7. The method of claim 2, wherein the encoding the pinyin corresponding to each character through the voice recognition network to obtain the pronunciation characteristics of each character comprises:

8. The method according to claim 1, wherein the weighted fusion of the font feature, the pronunciation feature and the semantic feature of each character to obtain the fused feature of each character comprises:

for any character, performing feature fusion on the font feature, the pronunciation feature and the semantic feature of the character through a feature fusion network in the text error correction model to obtain an initial fusion feature corresponding to the character;

respectively determining a first weight corresponding to the font feature, a second weight corresponding to the pronunciation feature and a third weight corresponding to the semantic feature of any character based on the initial fusion feature corresponding to any character;

and performing weighted fusion on the font characteristic, the pronunciation characteristic and the semantic characteristic of any character based on the first weight, the second weight and the third weight to obtain the fusion characteristic of any character.

9. The method according to claim 8, wherein the determining a first weight corresponding to a glyph feature, a second weight corresponding to a pronunciation feature, and a third weight corresponding to a semantic feature of the any character based on the initial fusion feature corresponding to the any character comprises:

acquiring text semantic features corresponding to the first text;

10. The method according to claim 9, wherein the performing weighted fusion on the font feature, the pronunciation feature and the semantic feature of any character based on the first weight, the second weight and the third weight to obtain a fused feature of any character comprises:

and performing weighted fusion on the first intermediate feature, the second intermediate feature and the third intermediate feature respectively based on the first weight, the second weight and the third weight to obtain the fused feature.

11. The method according to any one of claims 1-10, wherein said decoding the obtained at least two fused features to obtain at least two target characters comprises:

decoding each fused feature into a classification vector respectively, wherein one element in the classification vector is used for indicating the probability that the fused feature corresponds to one candidate character;

and respectively determining the candidate character indicated by the element with the largest numerical value in each classification vector to obtain the target character.

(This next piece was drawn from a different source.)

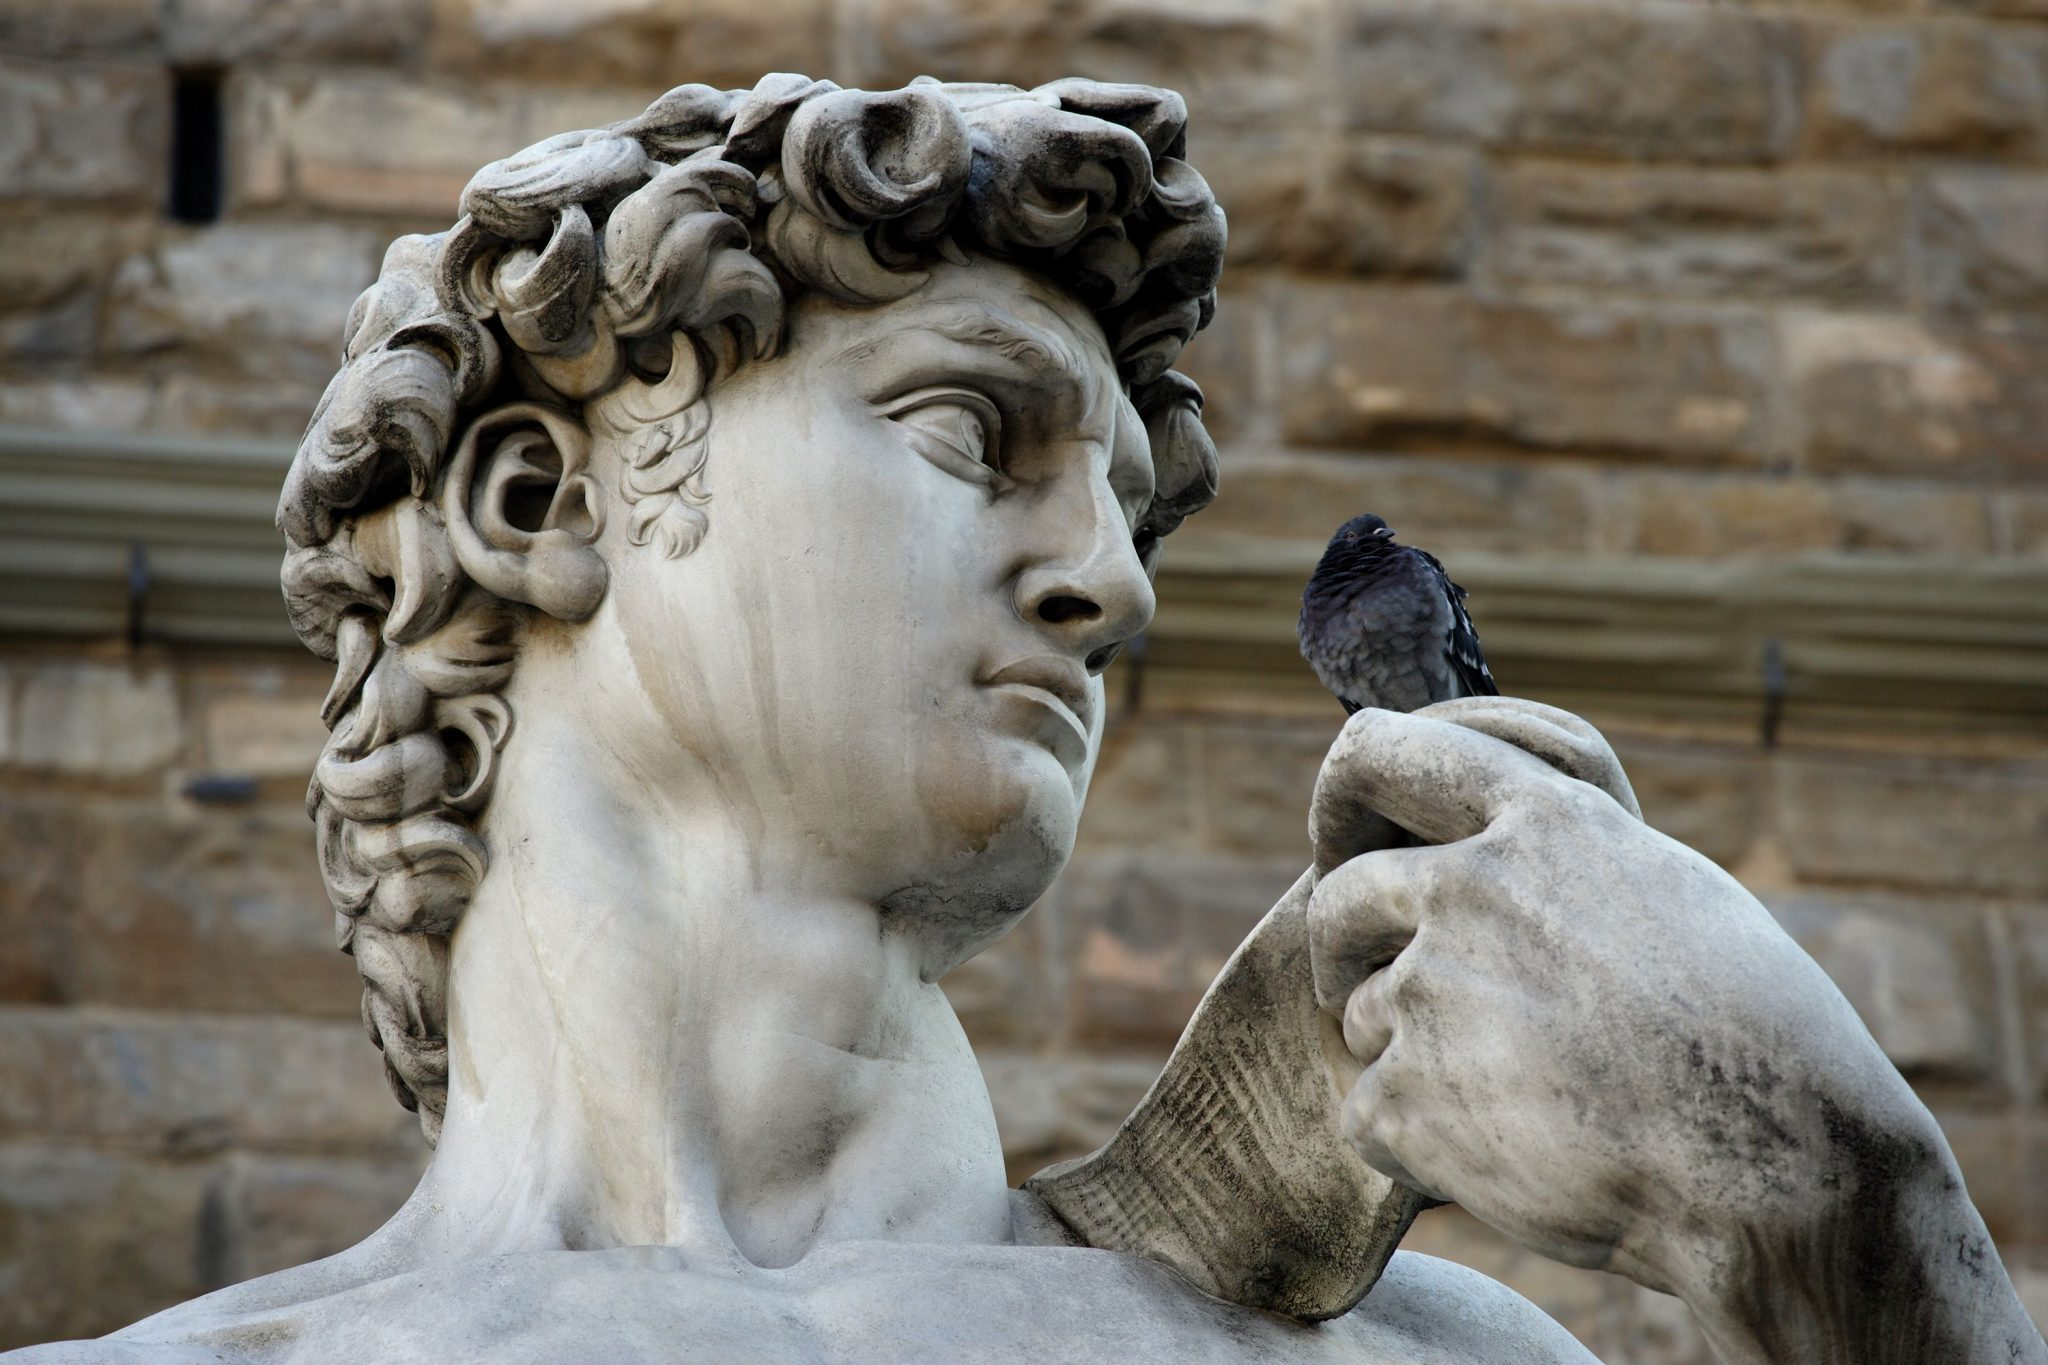 Ο Δαβίδ του Μιχαήλ Αγγέλου, Γκαλερία ντελ' Ακαντέμια, Φλωρεντία, Ιταλία, Ευρώπη

12. The method of claim 1, wherein after obtaining the first text to be corrected, the method further comprises at least one of:

unifying the at least two characters in the first text into a reference font;

and removing foreign characters in the first text.

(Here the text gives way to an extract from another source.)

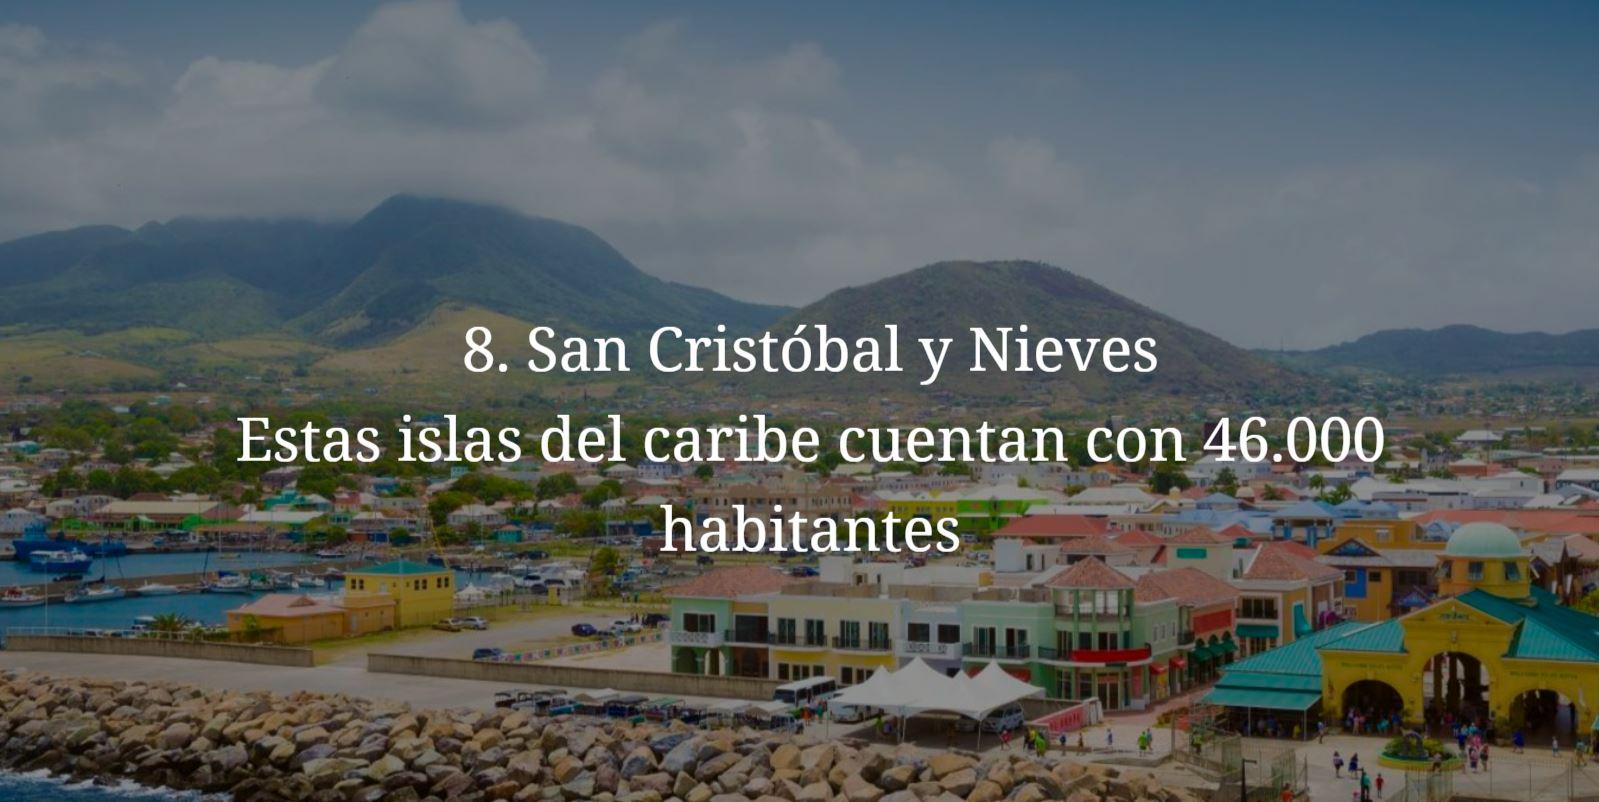 San Cristobal y Nieves, paises mas pequeños y menos habitados del mundo

13. A text correction apparatus, characterized in that the apparatus comprises:

a feature obtaining module, configured to obtain a font feature, a pronunciation feature, and a semantic feature of each character based on a structure and a pronunciation of each character and context information in the first text, respectively;

the feature fusion module is used for respectively performing weighted fusion on the font feature, the pronunciation feature and the semantic feature of each character to obtain the fusion feature of each character;

14. A computer device comprising one or more processors and one or more memories having stored therein at least one computer program, the at least one computer program being loaded and executed by the one or more processors to perform operations performed by the text correction method of any one of claims 1 to 12.

15. A computer-readable storage medium, having at least one computer program stored therein, the at least one computer program being loaded and executed by a processor to perform the operations performed by the text correction method of any one of claims 1 to 12.